NAACP president calls for resources to crack down on hate crimes
The president of the NAACP on Sunday called for more government resources to crack down on hate crimes and hate groups.
Cornell Williams Brooks, the president of the civil rights group, also said the Confederate flag in South Carolina should come down following the killing of nine individuals at a historically black church in the state.
{mosads}“When we think about the fact that in this country, there’s 784 hate groups, the level of hate crimes in this country has remained constant over years. We have to allocate resources to address these hate groups and these hate crimes,” Brooks said on CBS’s “Face the Nation.”
He said hate crimes are undercounted in the United States because they rely on self reporting.
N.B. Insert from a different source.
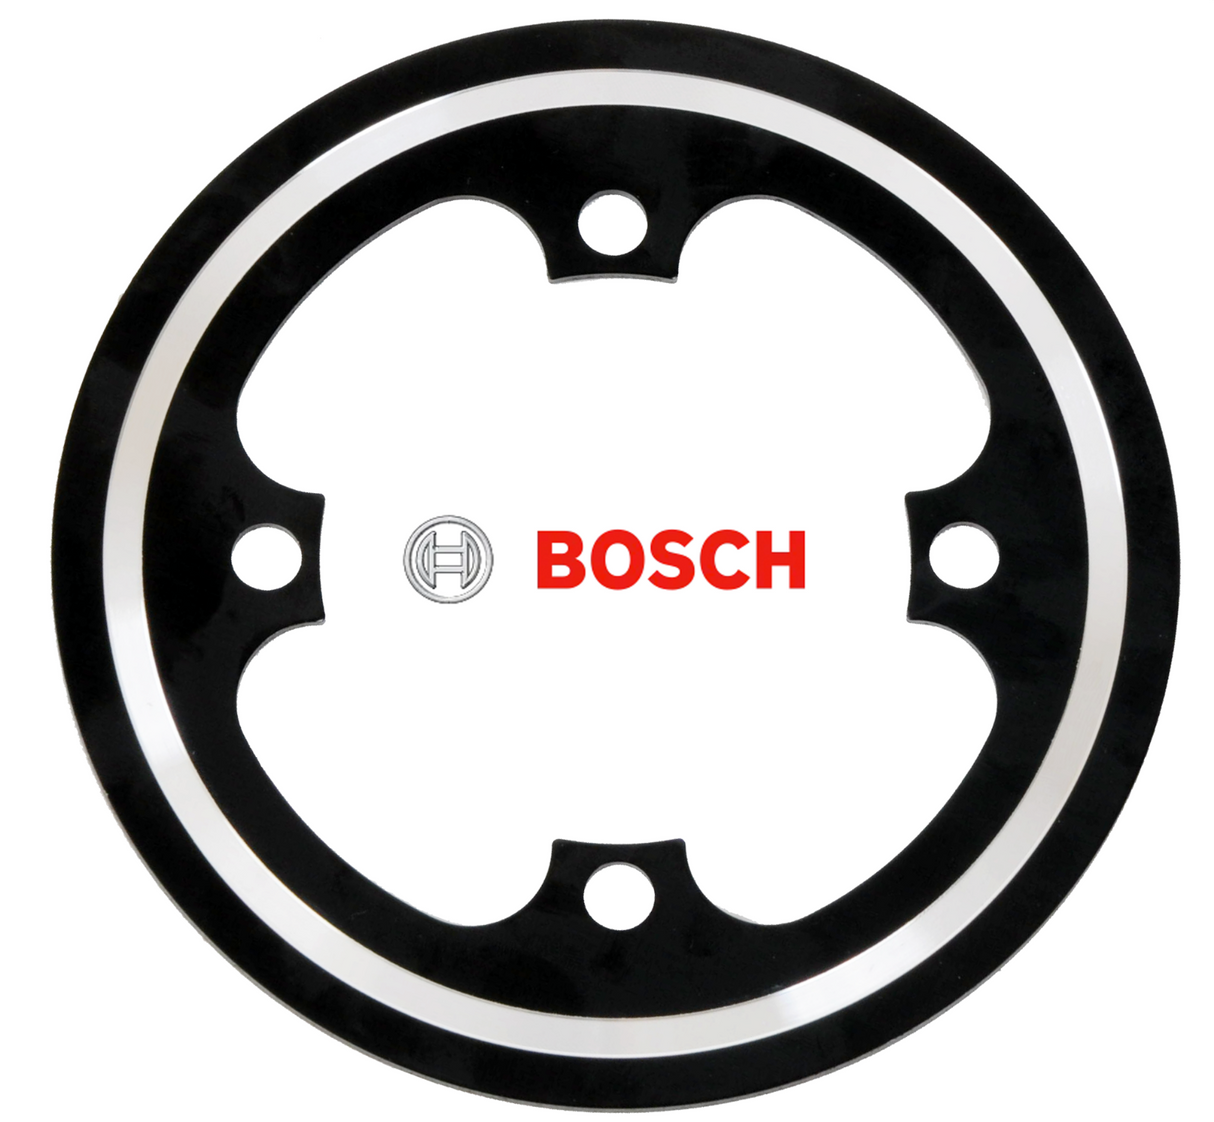 Bosch E-Bike 38T Chain Guard / Chain Wheel Protector - CNC Alloy - Black/Silver - Sportandleisure.com (6968088920218)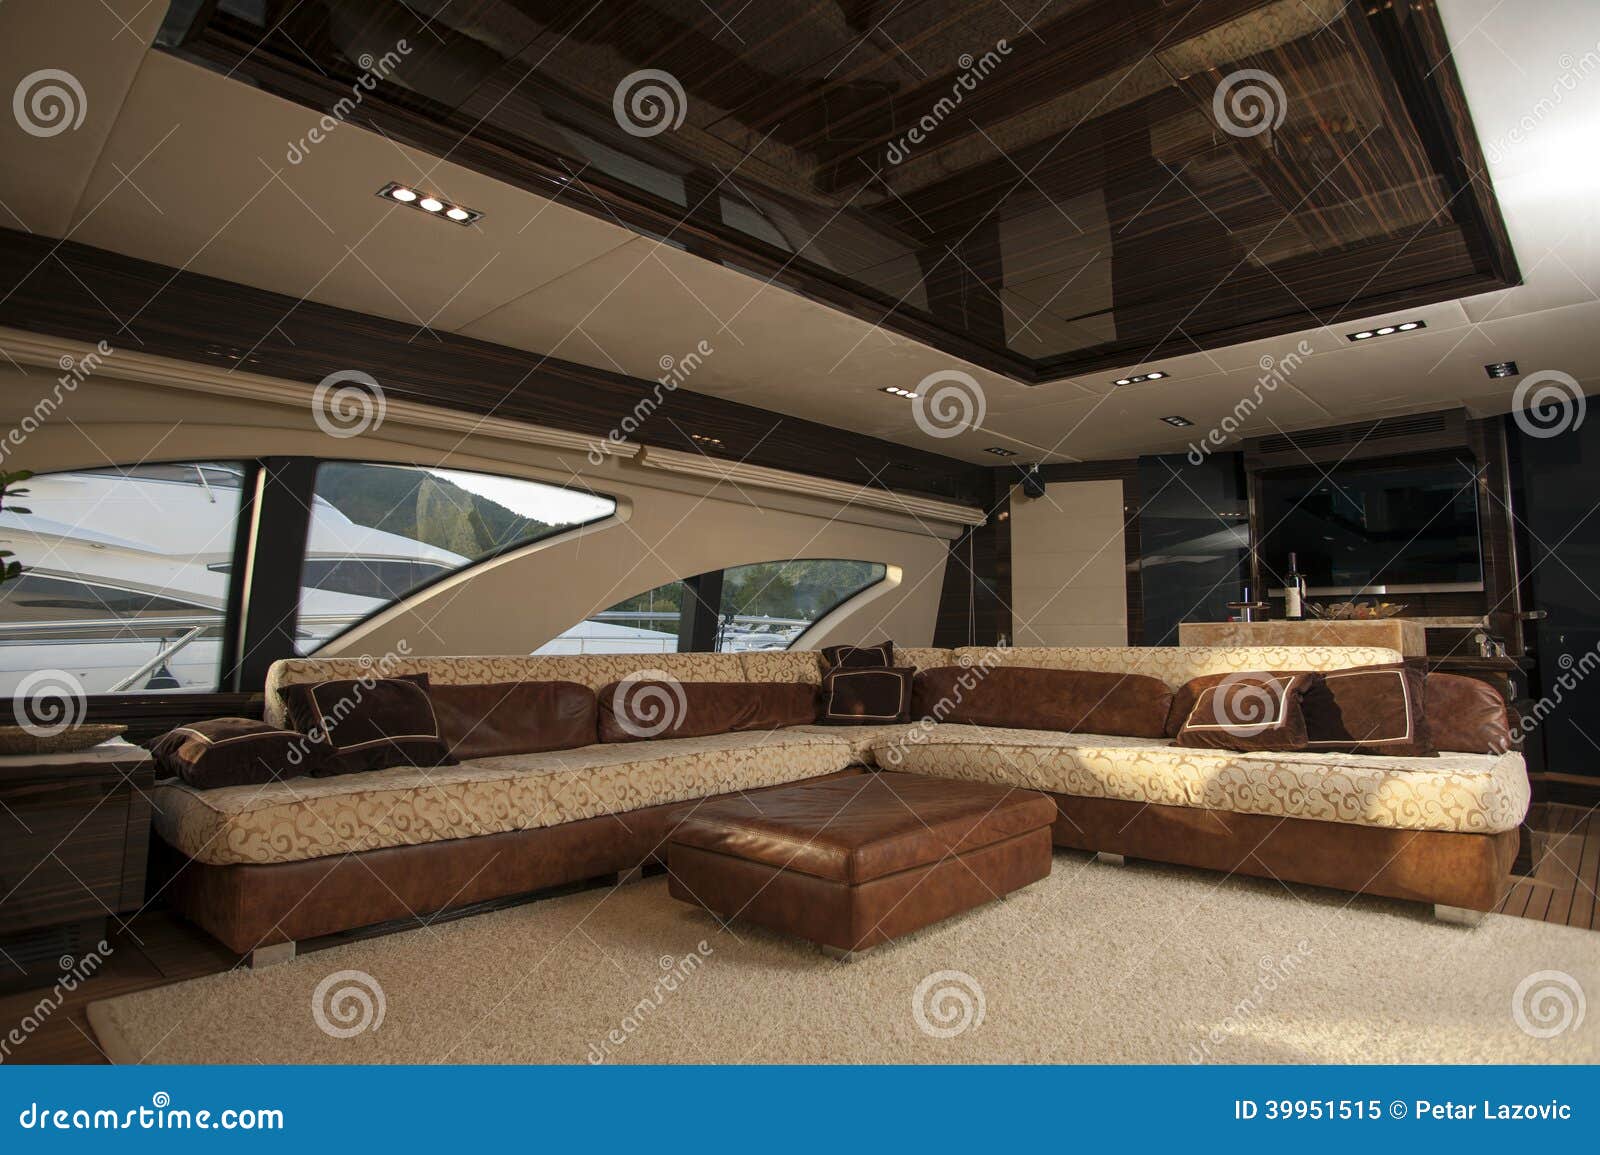 ship interior, comfortable sailboat cabin, expensive wooden design

Brooks called for “vigorous prosecution and vigorous investigation of these hate groups, and the resources to do so.”
Dylann Roof, 21, was charged with nine counts of murder after allegedly opening fire in the Emanuel African Methodist Episcopal Church in Charleston, S.C., on Wednesday night.
Though early indications are that he was not associated with any particular hate group, Roof used Nazi symbols and was pictured with the Confederate flag and others associated with apartheid South Africa.
Brooks said the Confederate flag is an “anachronistic emblem of a bygone era at best.” The NAACP has boycotted South Carolina for years because of the flag.
“It has to come down,” Brooks said. “It must come down.”